No attempt was made to help me deliver vaginally. The whole time this man ranted, the rest of the hospital staff either averted their eyes or looked at the floor.

When I asked why I couldn't try to birth vaginally the OB shoved his ARM into me and began to roughly feel my already swollen cervix. When I screamed in pain and begged him to stop, he refused to stop, choosing to completely ignore me and instead speak to several other people in the room about "homebirth nuts." He didn't even didn't look at me, even as I continued to howl in pain.

When I continured to try to argue that I wanted to try to birth vaginally and that from what I could see the baby was fine (moniter was right there), he told me my baby wouldn't come out of my vagina alive while shaking the concent form and his fist in my face.

He left me alone for a while so he could "regain his calm" and I tried pathetically to push dd out before they could force me into a section. During this, my gown had fallen down several times. I did not care about who saw my breasts, I desperately wanted to have my baby safely.

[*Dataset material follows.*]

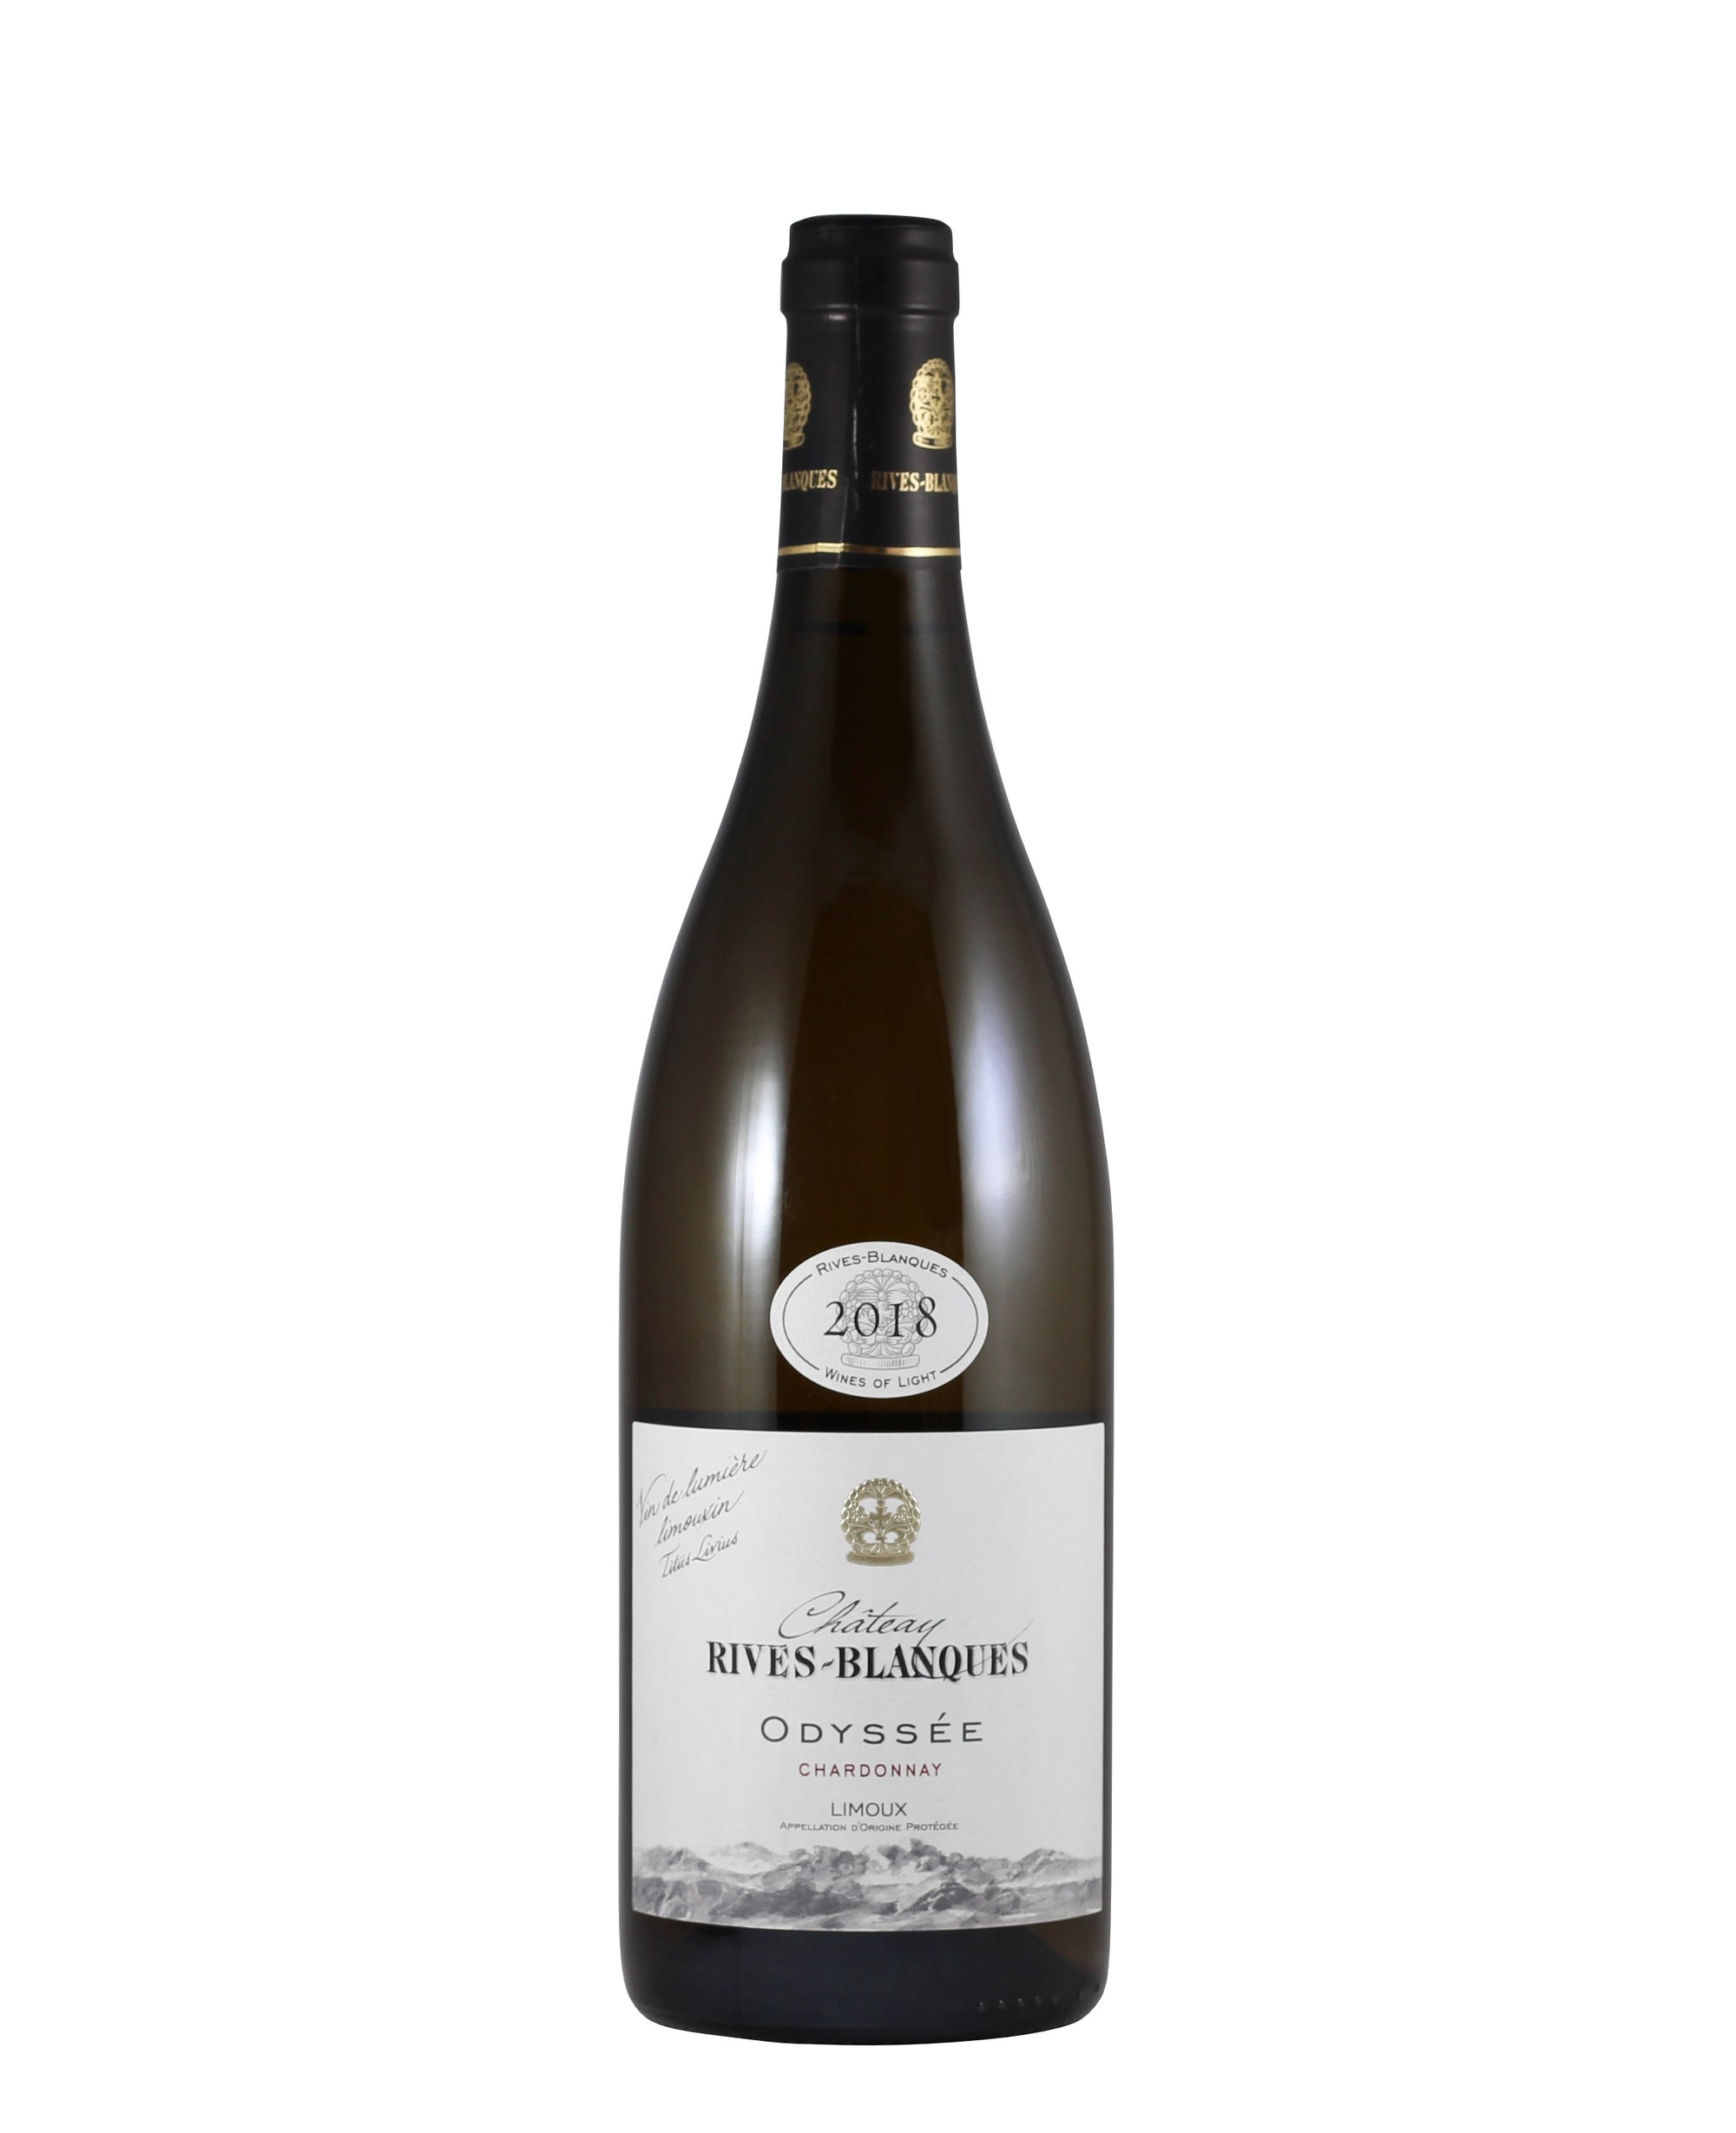 *9W* 2018 Rives-Blanques “Odyssee” Chardonnay Limoux (Languedoc-Roussillon, FR)

As I recovered from the section EVERY SINGLE nurse who came into my room not only lectured me and chided me for attempting to birth at home but most also mentioned my "scandelous" nudity, whether they saw it firsthand or had heard about it. They all NEEDED to put me - the homebirth nut - in my place in any way they could.

When they did wheel me in to get the spinal for the c-section the anest. doctor screamed when I contorted trying to deal with a contraction "curl over NOW, we don't wait for f*cking contractions in here!"

A nurse commented when entering the OR while I was being closed up "whew, you did a number on THAT one".

I was later told by the OB (who came into my post-op room to yell and curse at me for trying to homebirth a bit more) that I was lucky my baby wasn't taken away and he had the power to do so. He also snidely mentioned my nudity when trying to push. When I responded by stating the fact that I was trying to birth, he laughed, told me I had better learn when to keep my mouth closed and left the room.

They kept my baby away from me for HOURS. They gave her formula and a shot in the nursery without my consent.

When I finally got my daughter, I DID NOT PUT HER DOWN UNTIL I LEFT. One of the nurse reported a bonding problem. There was quite obviously no bonding problem whatsoever.

The hospital reported my midwife for "practicing medicine without a license." They reported me to some Children and Youth group for endangering my baby. About two weeks post partum an ex-police officer showed up at my door to "investigate" at my homebirth attempt for the State.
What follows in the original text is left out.